Virtual reality experiences like Dreamscape Immersive and The VOID at the Glendale Galleria are just too sophisticated for at-home consumer headsets. You have to go somewhere to actually do them. And because they both run about 30-40 minutes, including on-boarding, participants are apt to make a day of it by eating at the mall, visiting various stores, or catching a movie. In fact, movie theaters—another industry striving to be more experiential to avoid millennials slaughter—are next for Dreamscape Immersive. A partnership with AMC will allow for the opening of four new locations across the U.S. in mid-2019, some stand-alone and others housed in movie theaters.

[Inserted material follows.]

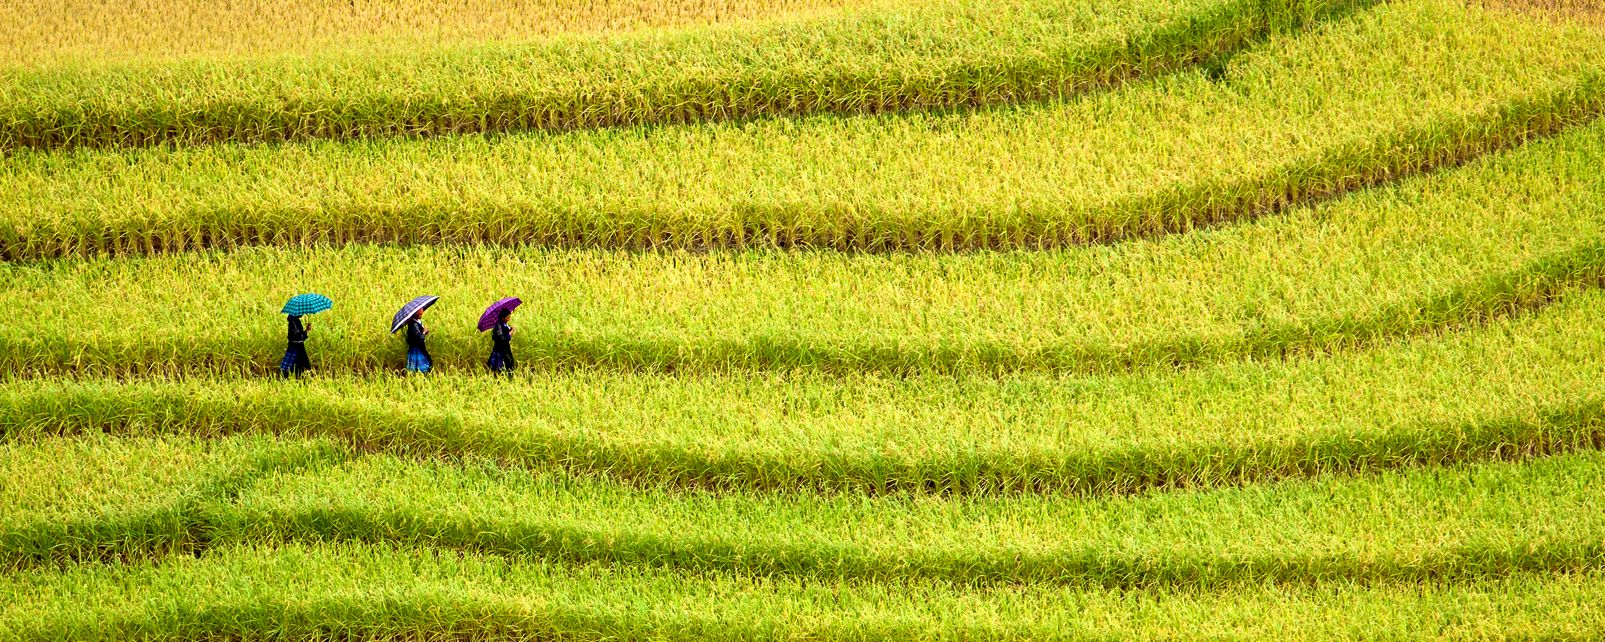 La foresta, i parchi nazionali, l'agricoltura , Qui è la natura che la fa da padrona , Vietnam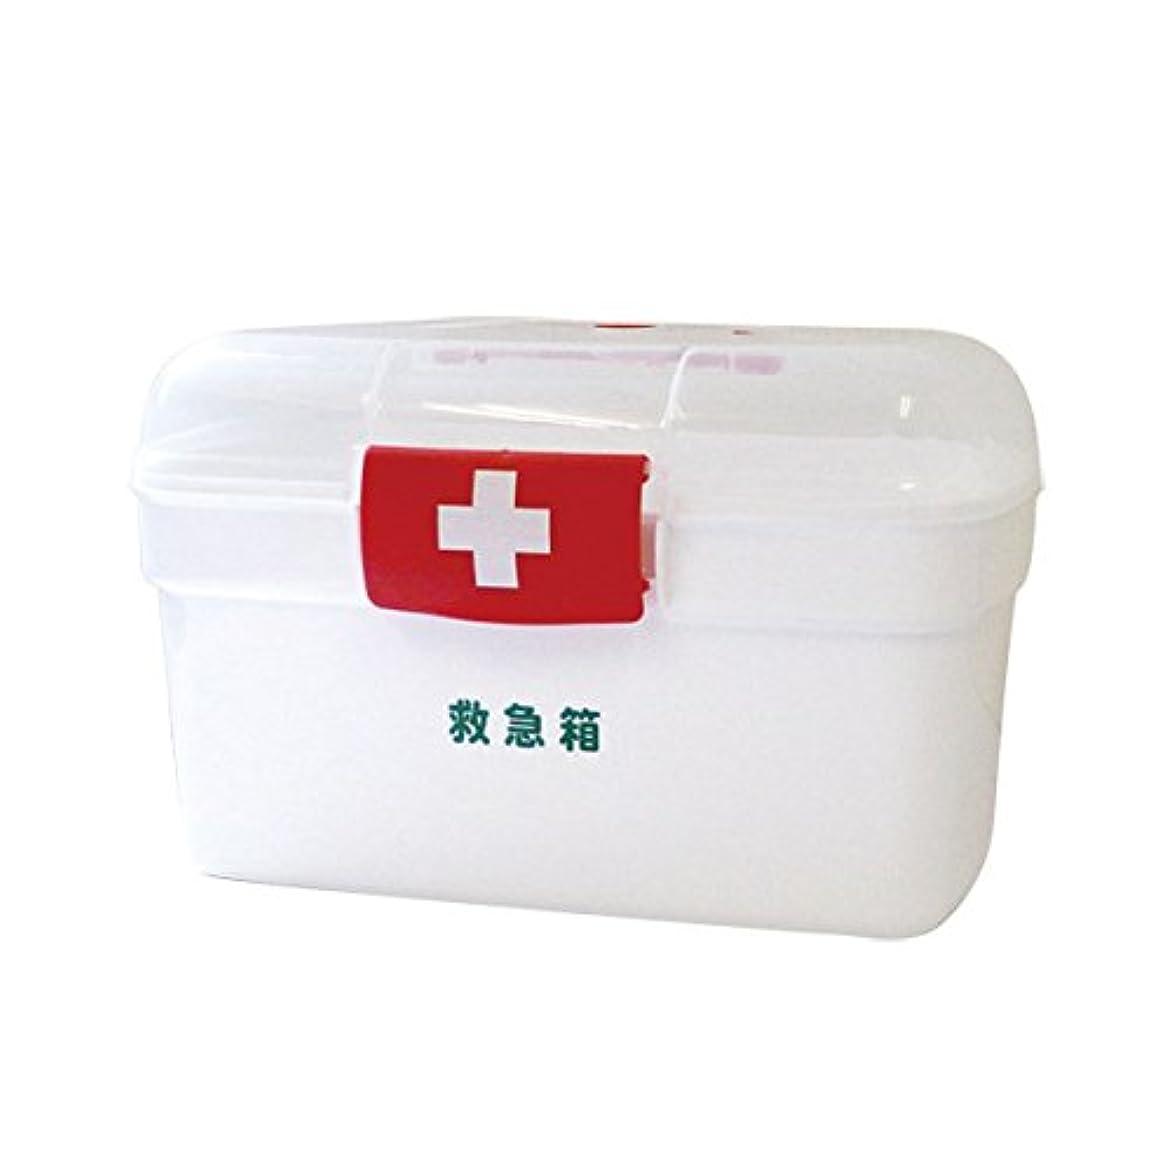 冷ややかな分数不格好リーダー ポリ救急箱セット Lサイズ 782499

As for the Century City location, it will remain the company’s flagship and will both add and rotate out new experiences in the future.
Know Before You Go:
Dreamscape Immersive is located at the Westfield Century City mall,10250 Santa Monica Blvd, on the 2nd floor near Eataly. Tickets are $20 each and can be purchased online (recommended to get your desired adventure at your preferred time) or in-store. Online tickets are subject to a convenience fee of $1.50. Each adventure can accommodate up to six people at a time. All are family-friendly, suitable for ages 10 and up.